In low to medium level power applications (e.g., 50 to 800 watts), a forward converter topology is widely used. A DC/DC forward converter generally includes an isolation transformer, a switch on a primary side of the transformer, and a rectifier and output filter on a secondary side of the transformer. The switch, coupled in series with a primary winding of the transformer, converts an input DC voltage into an AC voltage. The transformer then transforms the AC voltage to another value and the rectifier generates therefrom a desired DC voltage that is filtered by the output filter at an output of the forward converter.
A conventional forward converter topology contains a single switch, typically a semiconductor device, sized to withstand the input voltage. Many applications, however, require input voltages that may be too high for commonly available semiconductor devices. A two-switch forward converter, therefore, has been designed to accommodate semiconductor devices rated for approximately the input voltage. The addition of a second switch on the primary side of the transformer allows a reset voltage of the transformer and the input voltage to be divided between the two switches, thus reducing voltage stresses on each switch.
A practical concern regarding forward converters is that a magnetizing current of the transformer must be taken into consideration in the design of the converter. Otherwise, the magnetic energy stored in a core of the transformer by the magnetizing current may cause a failure in the converter. To facilitate the recovery of magnetizing energy from the transformer core to the input, the two-switch forward converter incorporates first and second diodes, each coupled between a rail of the input and the primary winding.
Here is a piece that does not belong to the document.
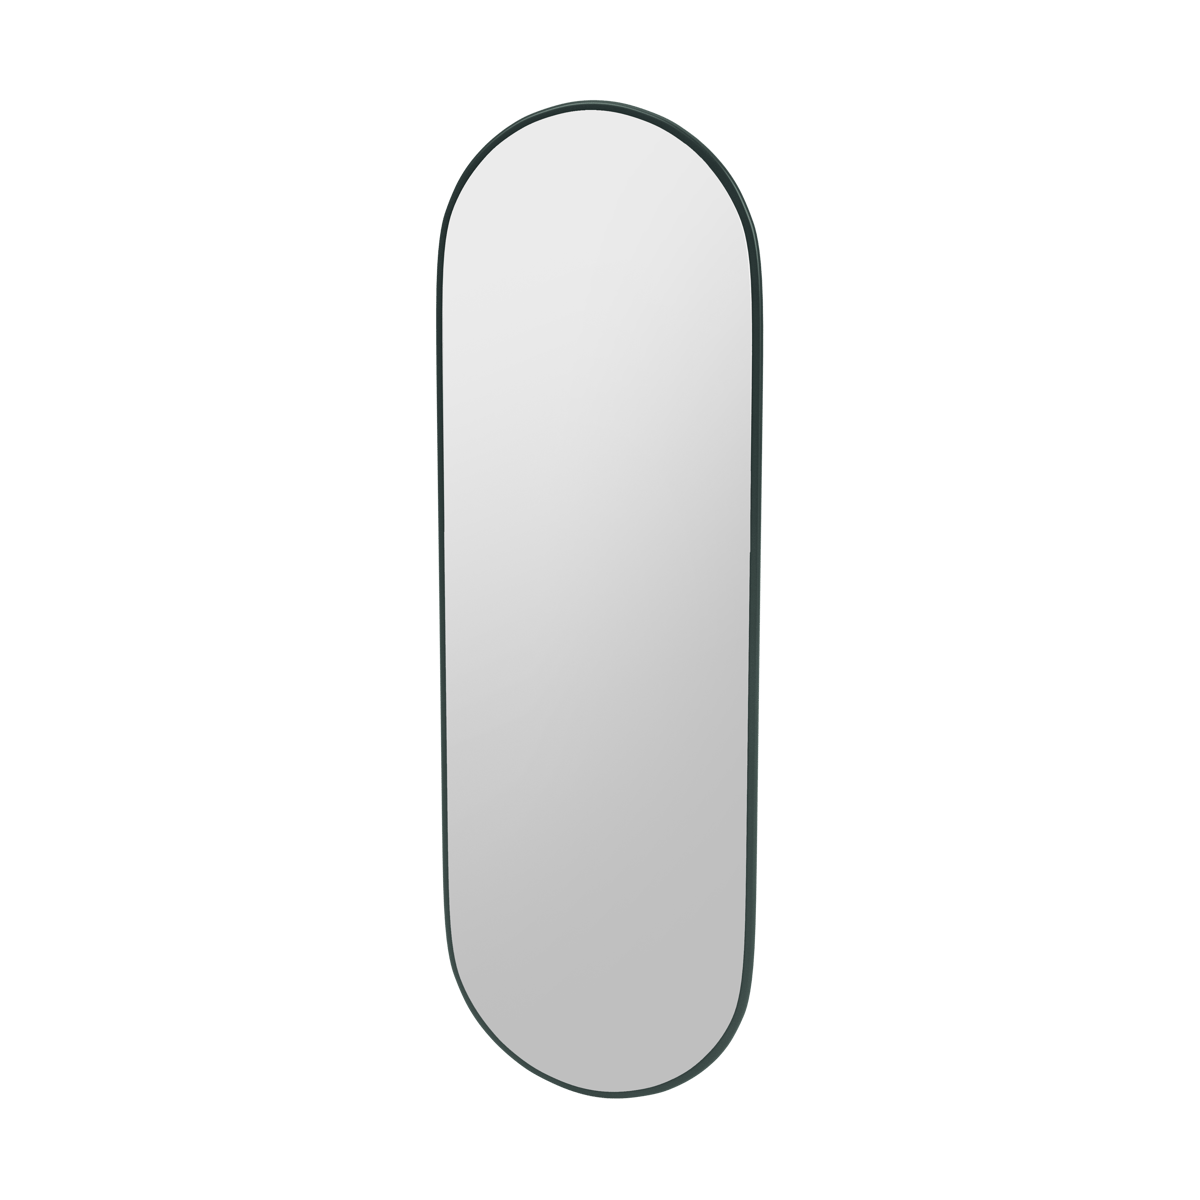 Montana FIGUUR Mirror Spiegel - SP824R Black

During an off state of the switches, magnetizing energy flows from the transformer core to the input via the first and second diodes, allowing the transformer core to reset.
One inherent problem with the two-switch topology is that the reset voltage of the transformer is equal to the input voltage, thereby limiting a maximum duty cycle of the switches to 0.5. By operating the switches at the 0.5 duty cycle, however, the selection criteria for the switches and the turns ratio of the transformer are limited. Obviously, these aforementioned limitations detract from the use of forward converters and raise the costs associated therewith.
Accordingly, what is needed in the art is a system and method for resetting the transformer while, at the same time, maximizing the design flexibility and increasing the efficiency of the power converter.